New study found that any database containing 15 pieces of demographic data could be used to identify individuals.

For more than two decades, researchers have chipped away at the assumption that anonymized collections of data could protect the identities of research subjects as long as the datasets did not include one of a score of different identifying attributes.  

In the latest research highlighting the ease of what is known as "re-identification," three academic researchers have shown that 99.98% of Americans could be re-identified from an otherwise anonymized dataset, if it included 15 demographic attributes.

The findings suggests that even the current policies surrounding the protection of customer identities, such as the General Data Protection Regulation (GDPR), fall short of truly protecting citizens.

In the paper, which appeared in Nature on July 23, the researchers conclude that "even heavily sampled anonymized datasets are unlikely to satisfy the modern standards for anonymization set forth by GDPR and seriously challenge the technical and legal adequacy of the de-identification release-and-forget model." 

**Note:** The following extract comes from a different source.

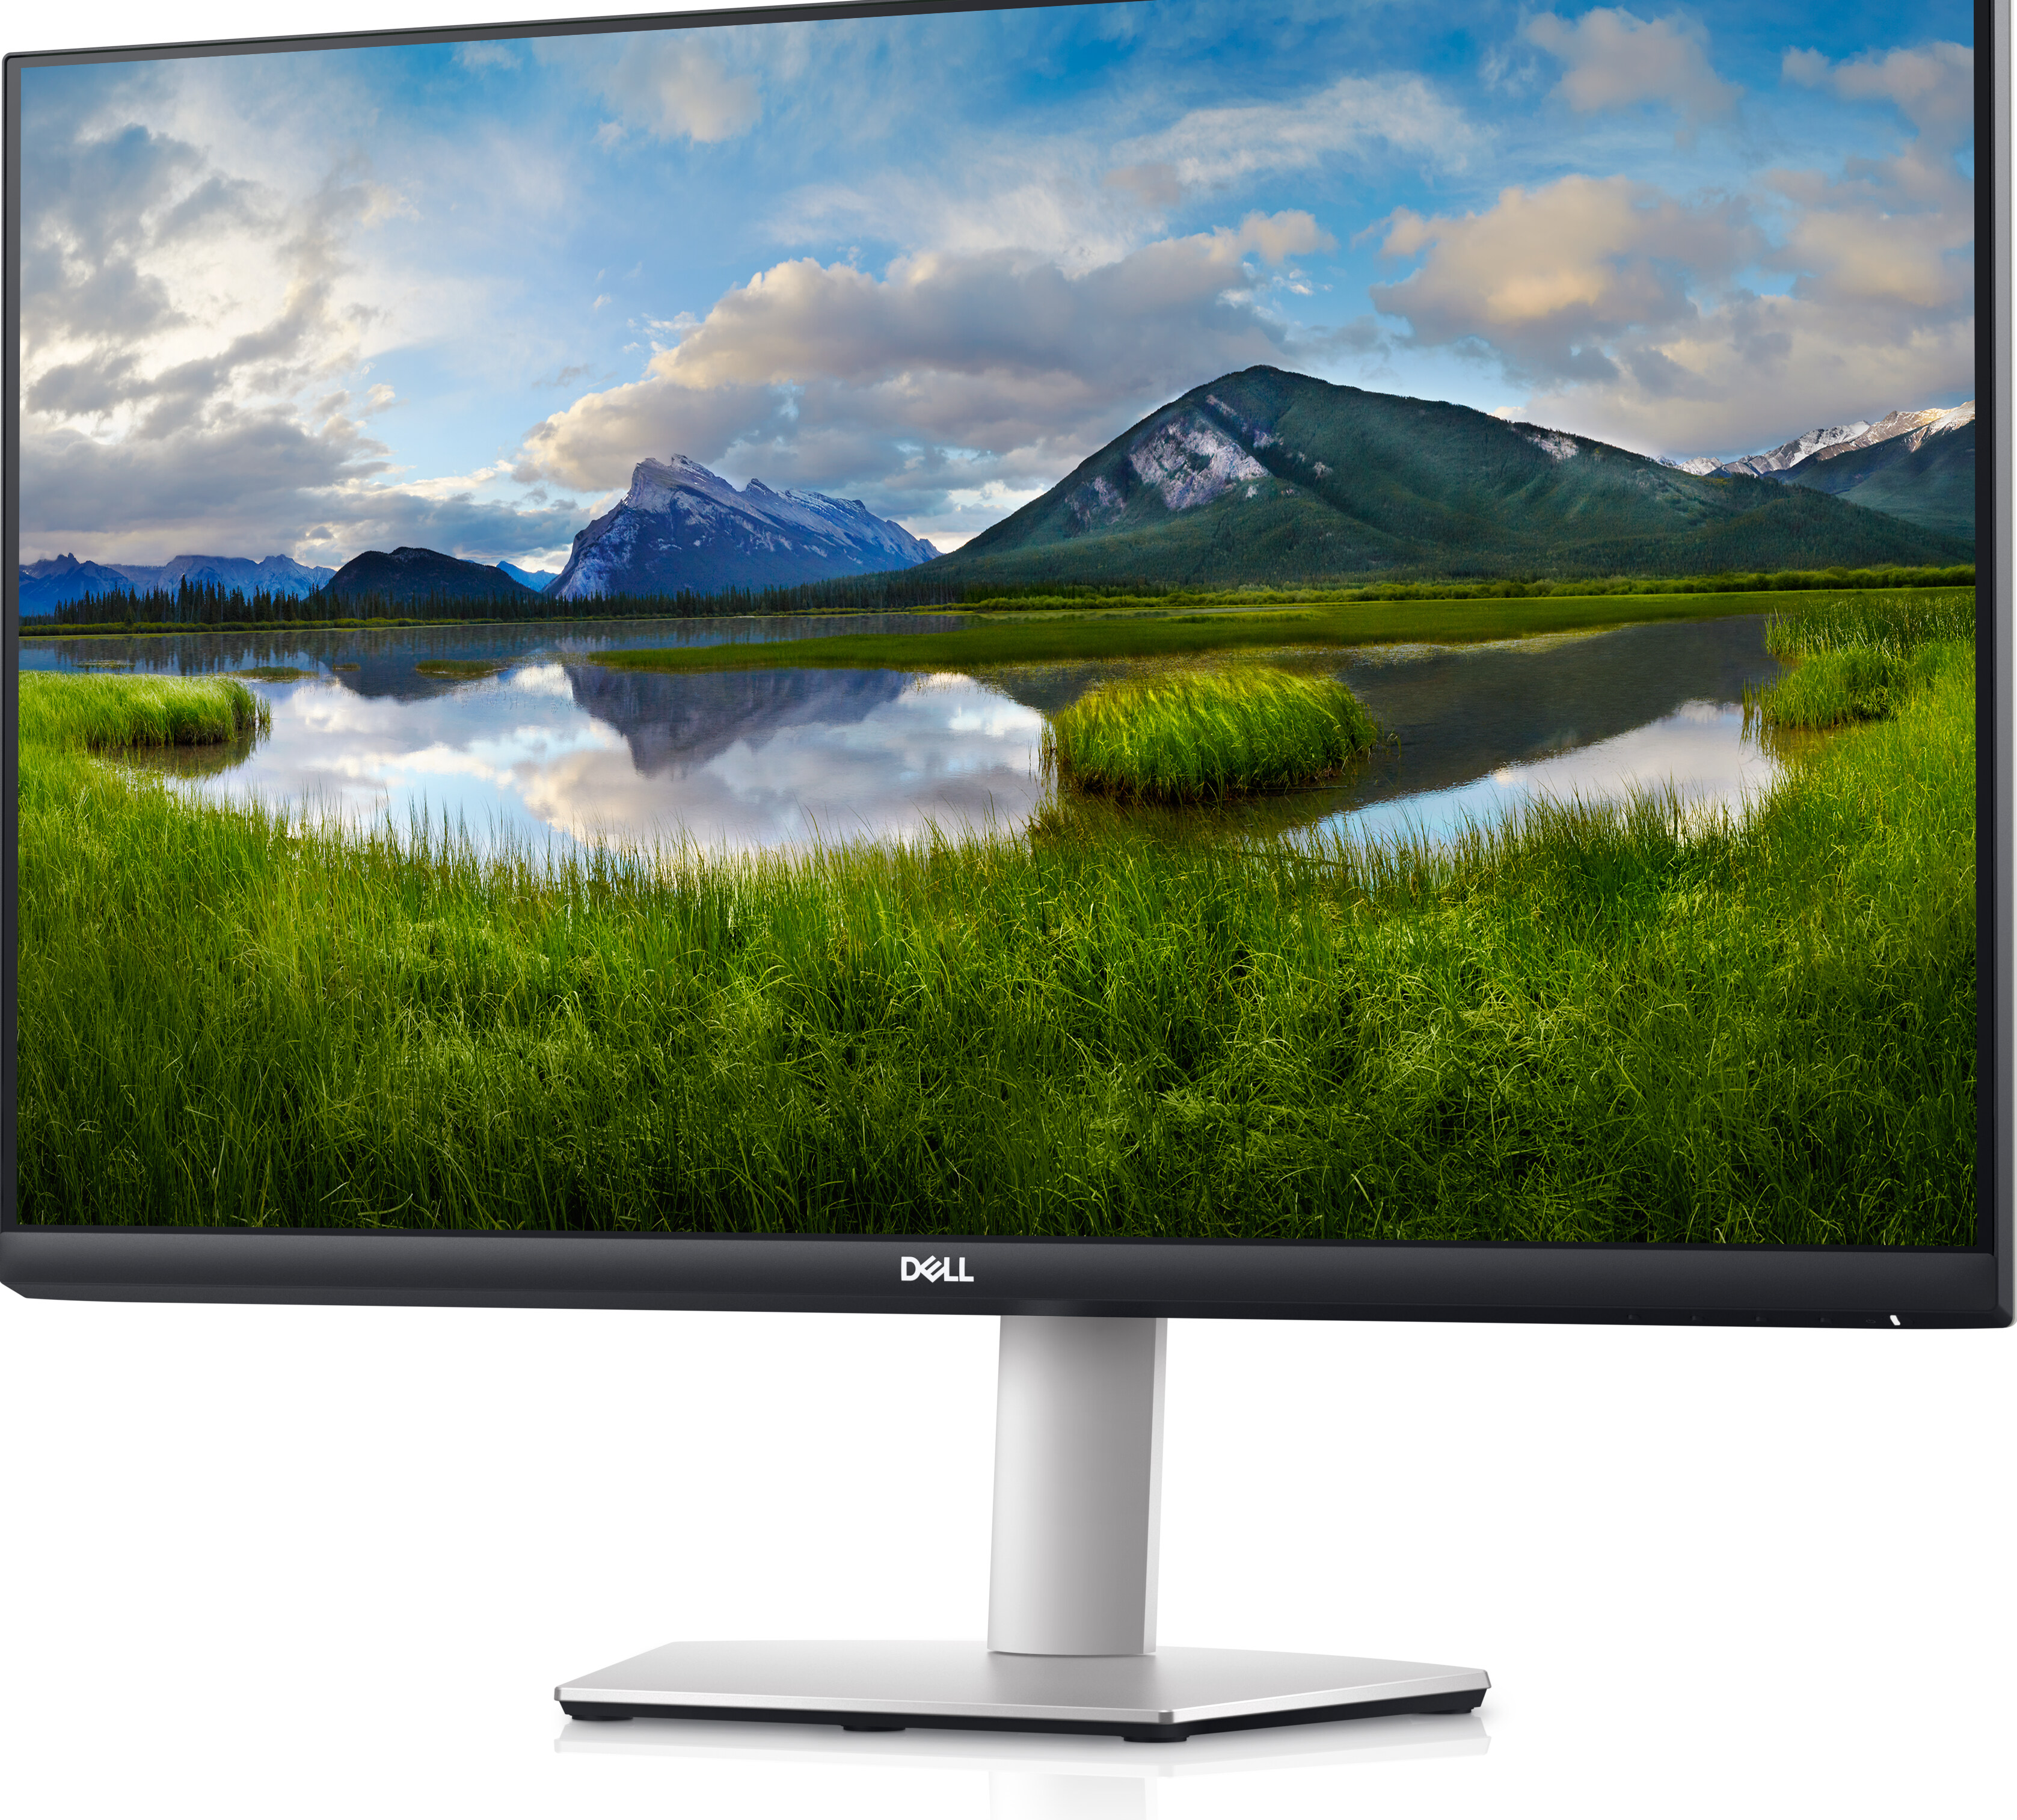 Buy Dell S Series 68.58 cm (27 inch) Full HD IPS Panel LCD Ultra Slim Bezel  Monitor with AMD FreeSync Premium Technology Online - Croma

The paper adds to the mountain of research suggesting that any dataset that contains useful information about individuals likely could be used to re-identify those subjects and link individuals to information that may be protected by privacy regulations or law. The research could lead to a rethinking of whether all big data sets need to be significantly better protected.

"Many companies think that, if it's anonymous, I don't need to secure it, but the data is likely not as anonymous as they think," says Bruce Schneier, a lecturer at Harvard University's Kennedy School of Management and the author of Data and Goliath, a book about how companies' data collection results in a mass-surveillance infrastructure. "Again and again and again, we have learned that anonymization of data is extremely hard. People are unique enough that data about them is enough to identify them."

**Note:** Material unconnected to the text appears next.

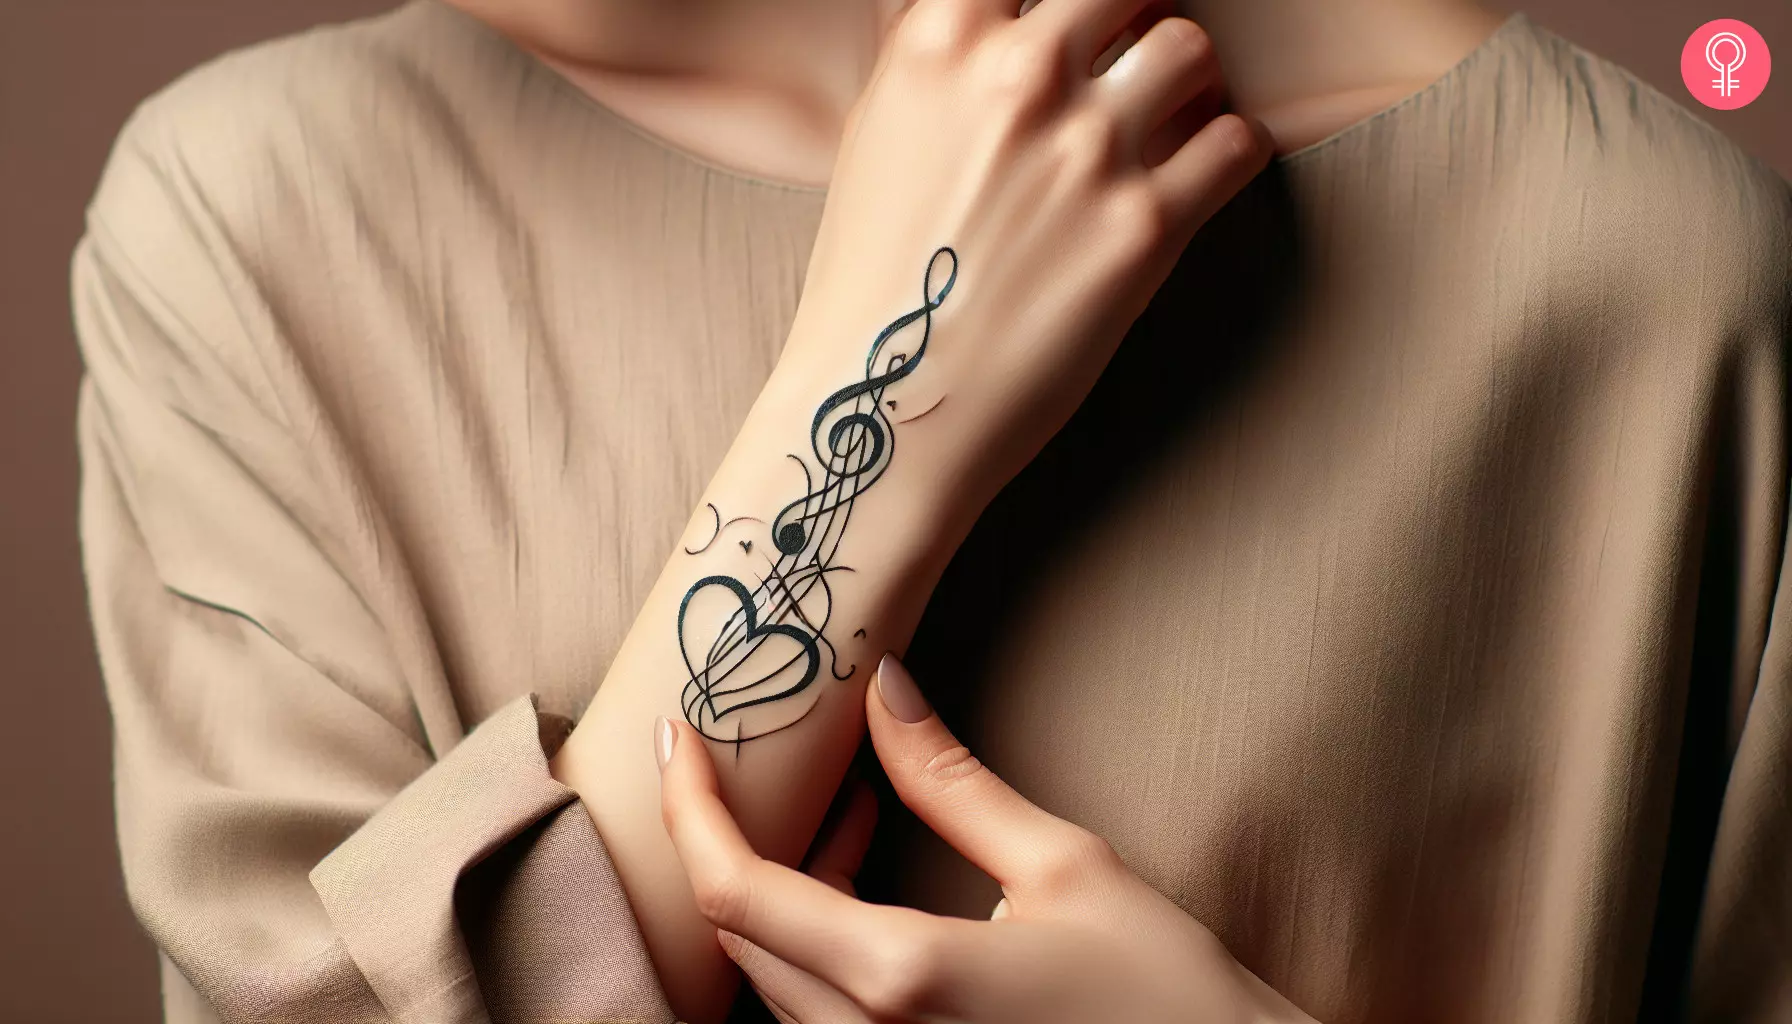 A music note with a heart inked on the forearm

The findings mean that companies and government agencies need to reassess how they deal with "anonymized" data, says Scott Giordano, vice president of data protection, Spirion, a providers of data-security services. The US Department of Health and Human Services, for example, currently requires that businesses remove 18 different classes of information from files, or have an expert review their anonymization techniques, to certify data as non-identifying. 

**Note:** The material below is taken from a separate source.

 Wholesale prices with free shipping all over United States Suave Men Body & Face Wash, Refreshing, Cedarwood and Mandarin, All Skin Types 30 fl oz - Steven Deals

That may not be enough, he says.

"It is too easy, with advances in big data, to de-anonymize things that maybe you couldn't have de-anonymized five years ago," Giordano says. "We are in an arms race between the desire to anonymize data and our collection of big data, and big data is winning."

Zip Code, Gender, and DoB

The concerns over re-identification appeared in the late 1990s, when then-graduate student Latanya Sweeney conducted research into the possibility of combining voter rolls and medical research records on Massachusetts state employees to de-anonymize patients' information. Famously, Sweeney, now a professor of government and technology in residence at Harvard University, was able to find then-Governor William Weld's medical record in the dataset. In a 2000 paper, she estimated that 87% of US citizens could be identified using just three pieces of information: their 5-digit zip code, gender, and data of birth.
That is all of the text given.